- ポスト
- みんなのポストを見る
- シェア
- ブックマーク
- 保存
- メール
- リンク
- 印刷
アンティークが好きで仕方なかった。初めてパリに行ったのは27歳の時だったかな。古着の服や、それにまつわるすべての品物に魅せられた。それからしばらく蚤(のみ)の市に行きたくて、私はパリに憧れていた。今はさすがにそういう気持ちからは遠くにいる。
最初に入院した時、インスタグラムの骨董(こっとう)品を扱う投稿を見るのに熱中した。「退院したら、この中の服を1枚買うわ」。娘は「それがいいわ」と励ましの気持ちを込めて言ってくれていた。
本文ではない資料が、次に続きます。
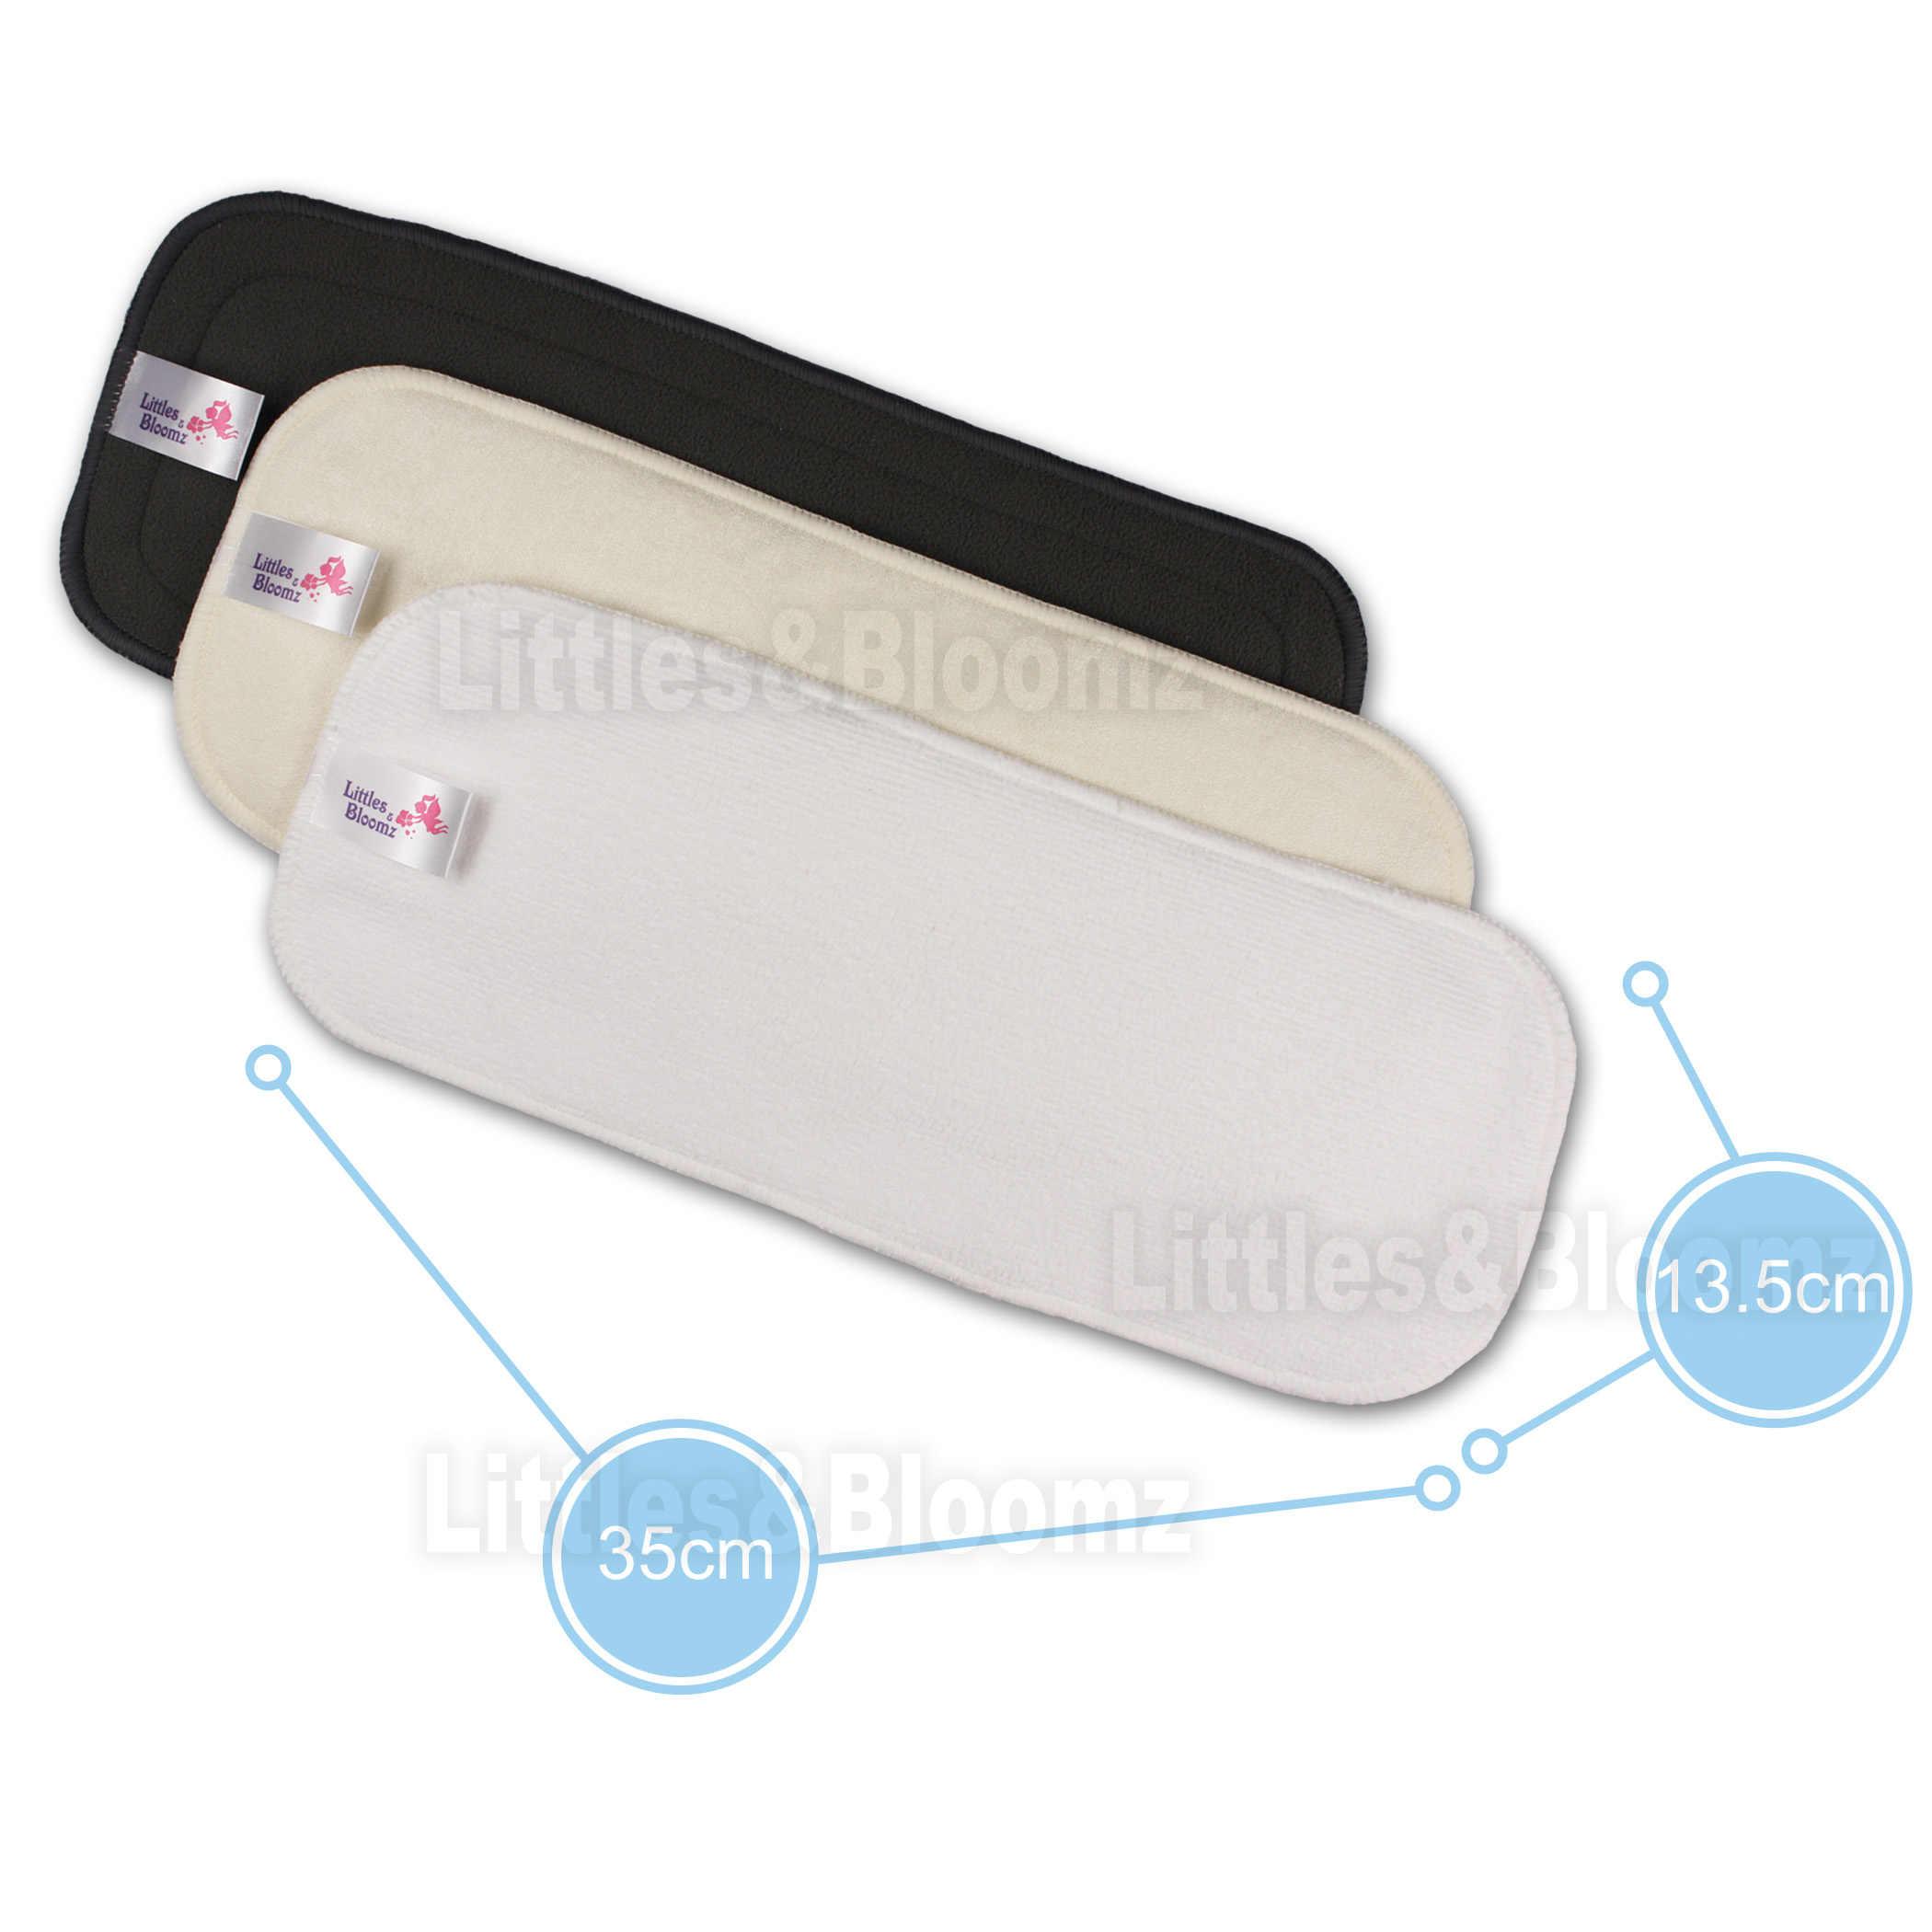 [Littles & Bloomz], 10 Uds., insertos lavables reutilizables, forros de refuerzo para bolsillo, pañal de tela, microfibra, inserto de carbón de bambú

骨董品という狭い中での選択肢にこだわっていた。不思議だ。今ではみじんも興味がなくなっている。あの時は、何かに心を移さないと自分が壊れそうに思えていた。入院していても、退院してしばらくも。何かにつかまっていたかった。
今、すっかりそんなことを忘れて、私は普通になった。それどころか、何かを欲しがる気持ちはむしろ断捨離の対象になり、物を減らすのが楽しくなった。娘の力を借りて、必要ないものがすっきり片づいていく。初めはそんなものまで捨てるのと嘆いていた私だが、娘の判断の確かさがありがたい。
この記事は有料記事です。
残り357文字(全文814文字)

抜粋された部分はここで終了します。